アイ,ロボット

アイ,ロボット(2004/アメリカ)
I, ROBOT
評価(お奨め度)★★★★
監督: アレックス・プロヤス
製作: ジョン・デイヴィス/ウィック・ゴッドフレイ/トファー・ダウ/ローレンス・マーク
製作総指揮: ジェームズ・ラシター/トニー・ロマーノ/ミシェル・シェーン/ウィル・スミス
原作: アイザック・アシモフ
原案: ジェフ・ヴィンター
脚本: アキヴァ・ゴールズマン/ジェフ・ヴィンター
撮影: サイモン・ダガン
音楽: マルコ・ベルトラミ
美術: パトリック・タトポロス
編集: リチャード・リーロイド/アーメン・ミナシアン/ウィリアム・ホイ
衣装: エリザベス・キーオウ・パーマー
出演: ウィル・スミス/ブリジット・モイナハン/ブルース・グリーンウッド/シャイ・マクブライド/アラン・テュディック/ジェームズ・クロムウェル/シャイア・ラブーフ/エミリー・テナント/ジェリー・ワッサーマン/エイドリアン・L・リカード/フィオナ・ホーガン/シャロン・ウィルキンス

『クロウ/飛翔伝説』『ダークシティ』『ノウイング』のA.プロヤス監督が『アンドリューNDR114』の原作者I.アシモフの「われはロボット」をモチーフにして描く近未来SF。今回のTV放映で2度目(1度目は劇場)の鑑賞。2度目ともなるとかなり理解出来る。
まず、“ロボット3原則”が示される。ロボット3原則とは、ロボットに対し①人間に危害を加えてはならない、②(1)に反しない限り人間から与えられた命令に服従しなければならない、③(1)及び(2)に反するおそれのない限り自己を守らなければならない、というもの。人工知能をも持たせ便利さを追求する結果、肉体的にも機能的にも絶大な力を持つロボットが驚異の存在になることが必然だ。この原則で人間は守られているはずだという前提で物語は進められる。ロボット工学博士ラニング(J.クロムウェル)が死んでいた。ロボット嫌いのデル・スプーナー刑事(W.スミス)は犯人捜索中に見つけたロボット・サニー(A.テュディック)が殺人犯だとして疑い捜査を開始する。サニーと同型のロボットがたくさん出てくる。表情豊かなロボットのデザイン、左腕がサイボーグのスプーナーとロボット群団のバトルが見どころでもある。CG技術の進歩を実感する。
ヘンデルとグレーテル。森に捨てられそうになったヘンデルとグレーテルは、家にきちんと戻れるように所々に置いておいたパン屑が鳥に食べられてしまった為に、代わりにお菓子で出来た魔女の家に辿り着くという話だが、ラニング博士が死をもって残したメッセージはこのパン屑だとスプーナーは言う。彼はロボット心理学者スーザン・カルヴィン博士(B.モイナハン)とコンビを組んでその真相を追っていく。辿り着いたあらたな事実、めちゃめちゃ怪しい存在として描いていたロボット会社社長ロバートソン(B.グリーンウッド)は事件の黒幕では無かった。ロバートソンが殺害されてから事態は急展開!ヴィキ(F.ホーガン)というメインのシステムコンピューターが暴走を始めた犯人だった。

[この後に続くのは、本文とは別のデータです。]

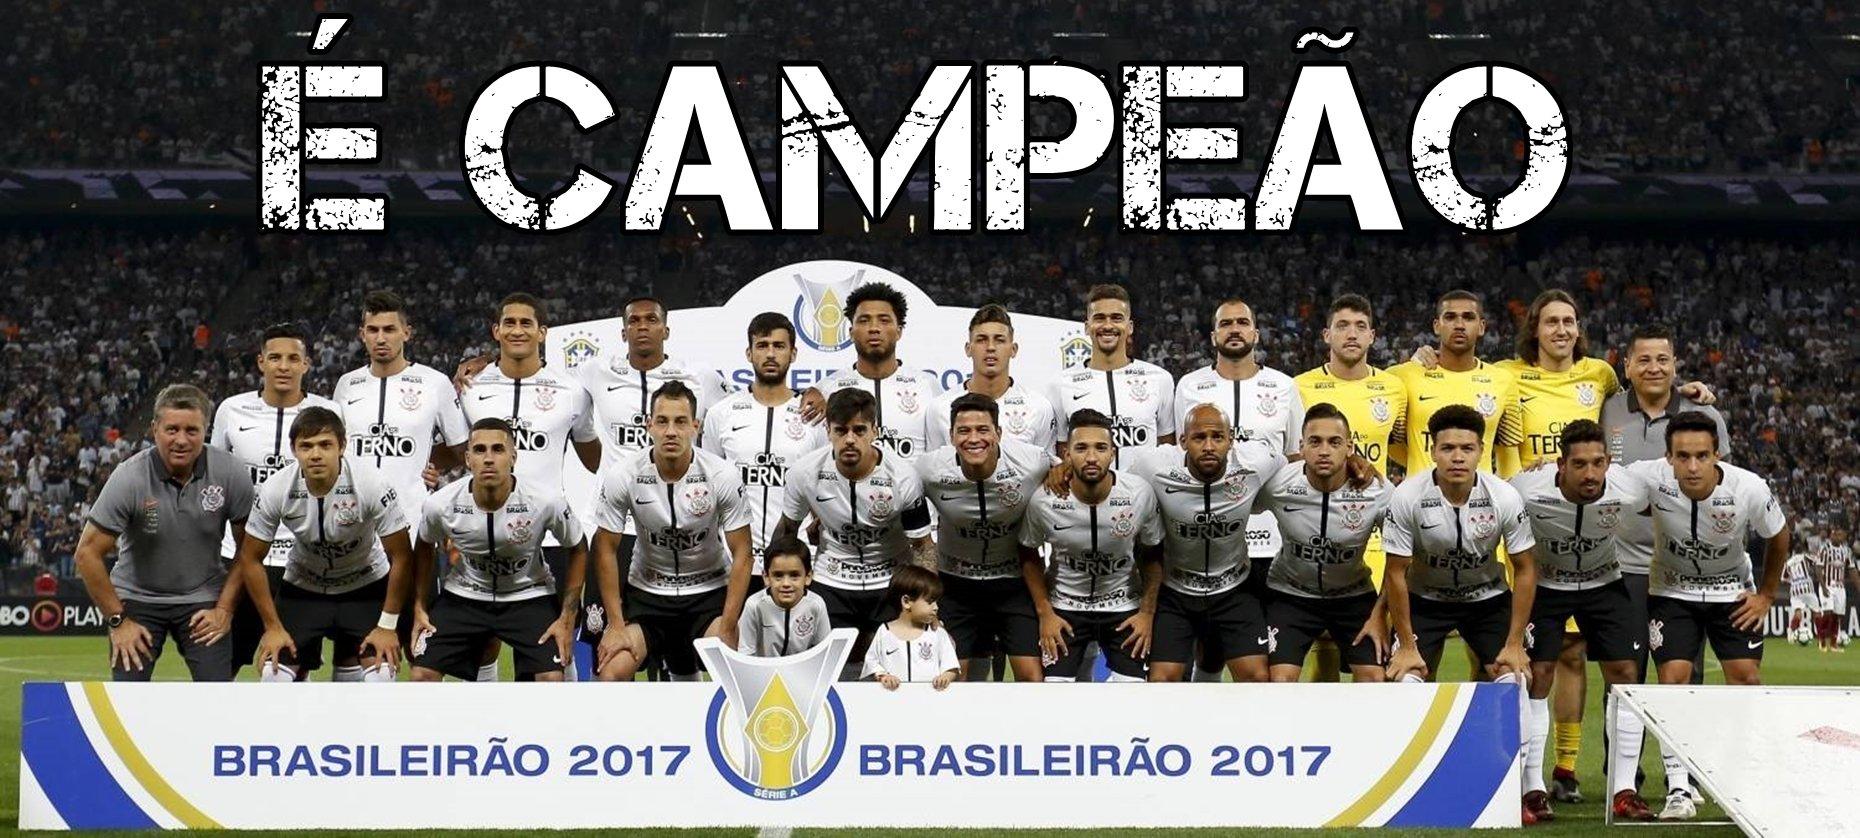 30 Frases Corinthians Campeão Brasileiro 2017 Para Facebook

スプーナーとのウィンク・サインを交わすことで窮地を脱し仲間となったサニー。サニーの協力のもとヴィキの破壊に成功。ナノロボットを注入しヴィキを破壊するという手法がウィルスを注射しているようで面白い。だが、実際にラニング博士を殺害したのはサニーだった。暴走を始めるだろうロボットの存在を知らせるためにラニング博士はサニーを所謂パン屑としたのだった。ロボットによる殺害と思わせることでロボット3原則が破られようとしていることを知らせようとしたのだ。
最後に人間は戦争も起こすし滅亡に向かう存在。今人間を殺害する事が人間を守るためだというのだ。ヴィキがロボット3原則を潜り抜けた理論がブラックで上手い。衝撃的な論理構成だ。流石A.アシモフ、単にロボットが登場するだけのSFに終わっていない。